Some taxpayers have taken
aggressive tax positions in order to reduce their income taxes, arguing that
the FMV of the property they inherited was actually greater than the FMV used
in the decedent’s estate tax return. In
response, on July 31, 2015, Congress enacted a basis consistency law and
granted the IRS sweeping powers to carry out the intent of the law. On March 4, 2016, the IRS published temporary
and proposed regulations.
The executor of the estate
must report the FMV of the property to the IRS on Form 8971 and to any person
acquiring ownership in the property on Schedule A to Form 8971. The report must be furnished the earlier
of: 1) 30 days after the estate tax
return due date (including extensions), or 2) 30 days after the filing of the
estate tax return. Any adjustment to the
FMV must also be reported within 30 days of the adjustment. Penalties apply to late or incomplete
reporting, and also to any understatement of income tax from using a tax basis
greater that the FMV as finally determined for the estate tax return. The IRS has extended the due date to March
31, 2016 for all Forms 8971 that were due before then.
For the vast majority of
estates, these reporting rules will not apply.
Reporting is required only if an estate tax return (Form 706) is
required to be filed because the decedent’s gross estate (which includes prior
taxable gifts) exceeds the basic exclusion amount, which is $5,450,000 in 2016. Form 8971 is not required in the following
situations:
· Form 706 is filed only to make the portability
election.
· Form 706 is filed for the sole purpose of making an
allocation or an election for purposes of the generation-skipping transfer tax.
· A protective Form 706 is filed for an estate having a
FMV of less than the basic exclusion amount in order to start the statute of
limitations (SOL) against a potential IRS audit.
If Form 8971 is required
to be filed, not every item included on the estate tax return has to be
reported on Schedule A. Exemptions are:
· Cash and equivalents.
· IRD assets.
· Tangible personal property having a total value of
$3,000 or less.
· Property sold by the estate at a gain or loss.
Some big surprises in the
regulations just published:
· If the executor of the estate has not determined which
specific property each beneficiary will receive, then each beneficiary must
receive a report of all of the estate’s property that could be used to satisfy
the beneficiary’s interest. This
requirement is sure to cause controversy among the beneficiaries when they see
the size of the estate and the types of property that are available to
them! Most of the time the executor will
not make distributions out of an estate until after receiving a “closing letter
(or its current IRS equivalent)” to protect against any personal liability for
additional estate tax from an IRS audit.
· A so-called “zero basis rule” is introduced by the
IRS, and seems contrary to well established tax law. The IRS states that if property is discovered
to have been left off of the estate tax return, and would have increased the
estate tax if included, its income tax basis is zero no matter the
FMV. If the SOL has not expired on the
estate tax return, then the executor can amend the return and add the
overlooked asset and restore the tax basis.

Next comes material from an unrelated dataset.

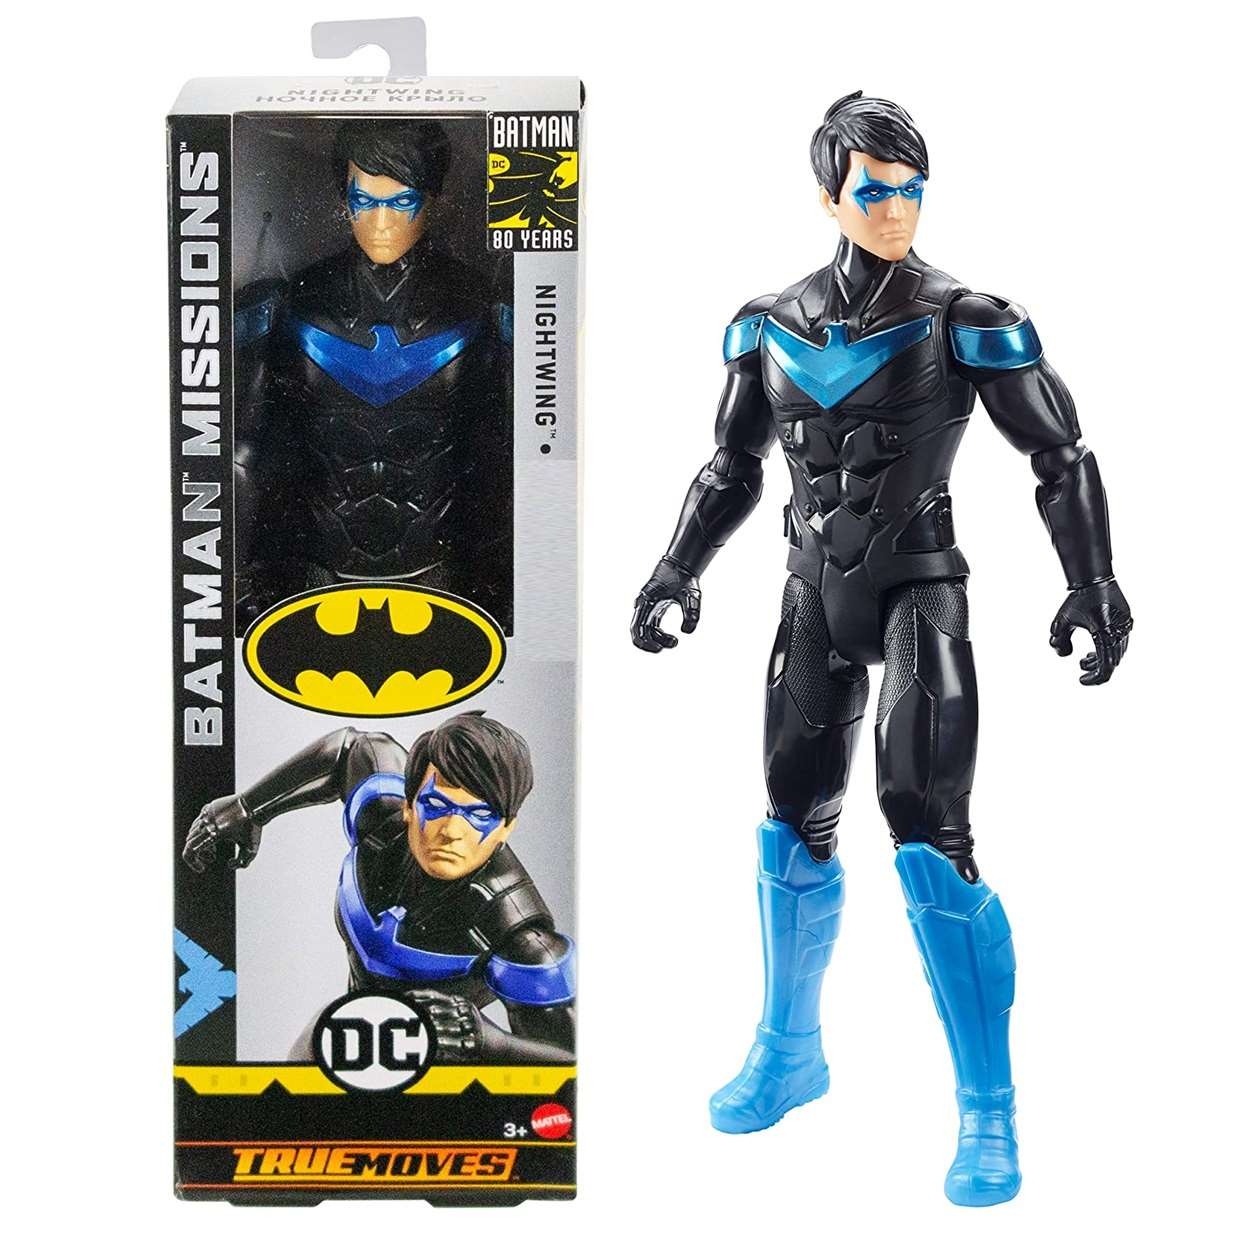 Nightwing Figura Batman Missions Dc Comics True Moves 12 Pulg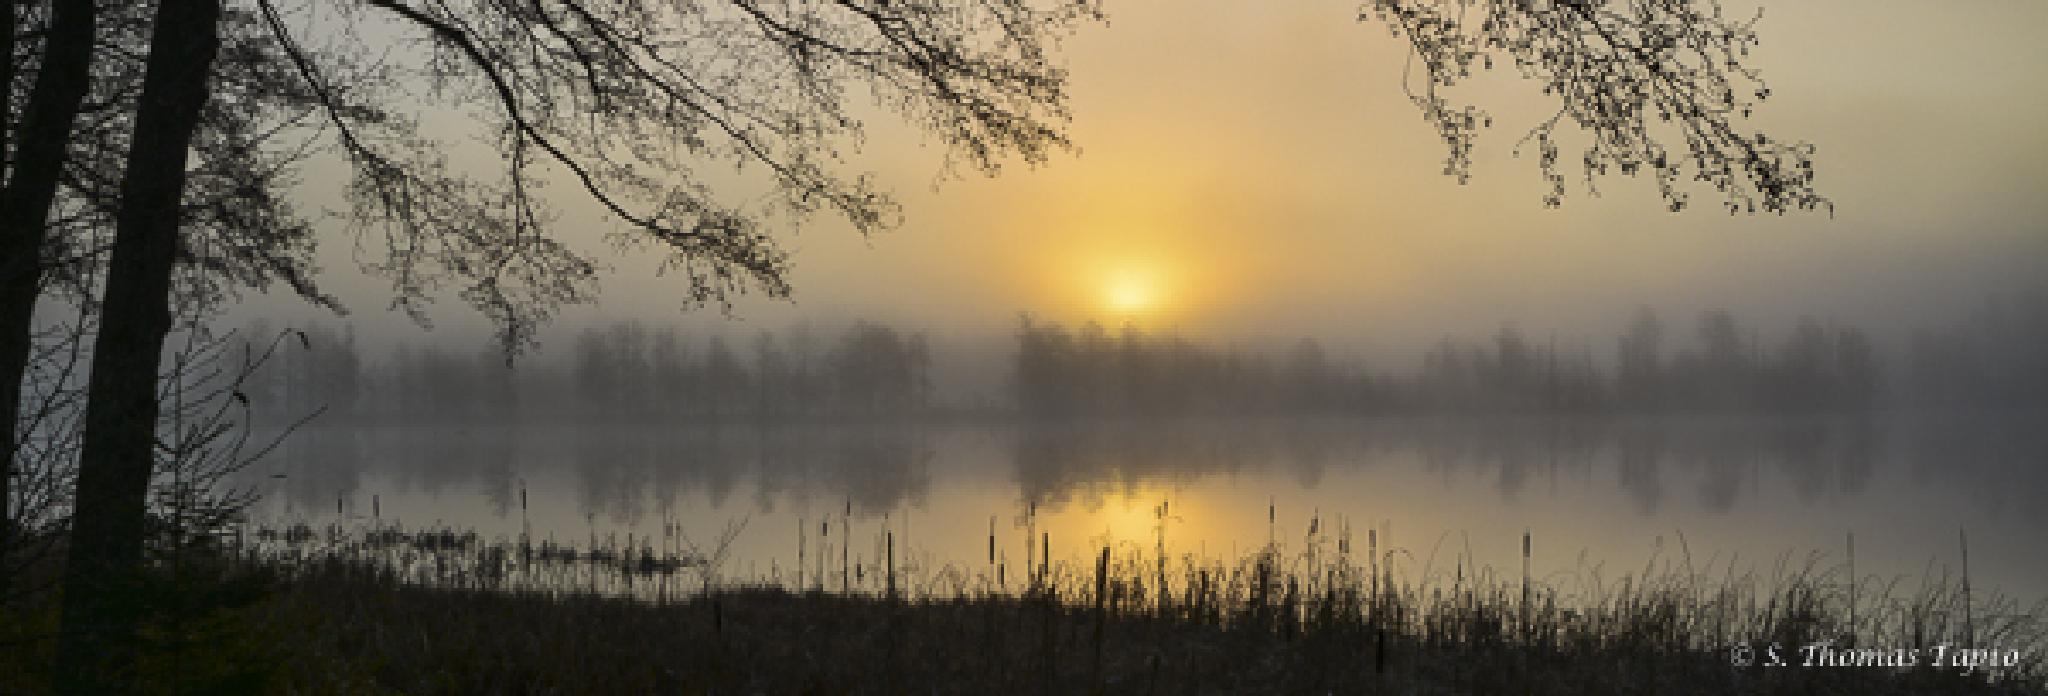 Morning haze over river Helge by Thomas Tapio

If the SOL has expired, the basis is zero.
· The zero basis rule also applies to an estate tax
return that should have been filed but was not.
The basis of property is zero until the estate tax return is filed and
final values are determined. This means
that assets sold, depreciated, etc. before then may have overstated basis
deductions and tax penalties could result.
Thus a big exposure exists for estates having hard-to-value assets (e.g.
a business interest) claiming valuation discounts, and where the gross estate
FMV is less than the basic exclusion amount and no estate tax return is filed. The IRS has a big incentive to challenge the
valuation discounts to cause a requirement to file an estate tax return. In this situation it will be prudent to file
a protective estate tax return if increasing the asset’s value would cause or
increase estate tax.
· The new tax law requires basis consistency reporting
of executors. The IRS has now exercised
its legislative authority to create a whole new category of people subject to
the reporting requirements:
beneficiaries! Heirs of an estate
who in turn gift or otherwise transfer (other than by sale) property received
from the estate to a related person or entity, must report the basis of the
transferred property to both the IRS and the transferee by filing a Form 8971
within 30 days of the transfer. There
appears to be no time limit on this exposure to report, so in theory the
requirement could apply to a transfer made many decades after the inheritance!
· Some estate plans leave property to one beneficiary
for a period of time (e.g. his or her lifetime) after which the property passes
to another person (the contingent beneficiary).
The proposed regulations require that a supplemental basis report be
provided when the property passes to the contingent beneficiary. Since this can be many years into the future,
one commentator has asked, “Will executors now have lifetime duties?”
Update:
Update:
On March 23, 2016, the IRS issued Notice 2016-27 which further extends the due date from March 31, 2016 to June 30, 2016.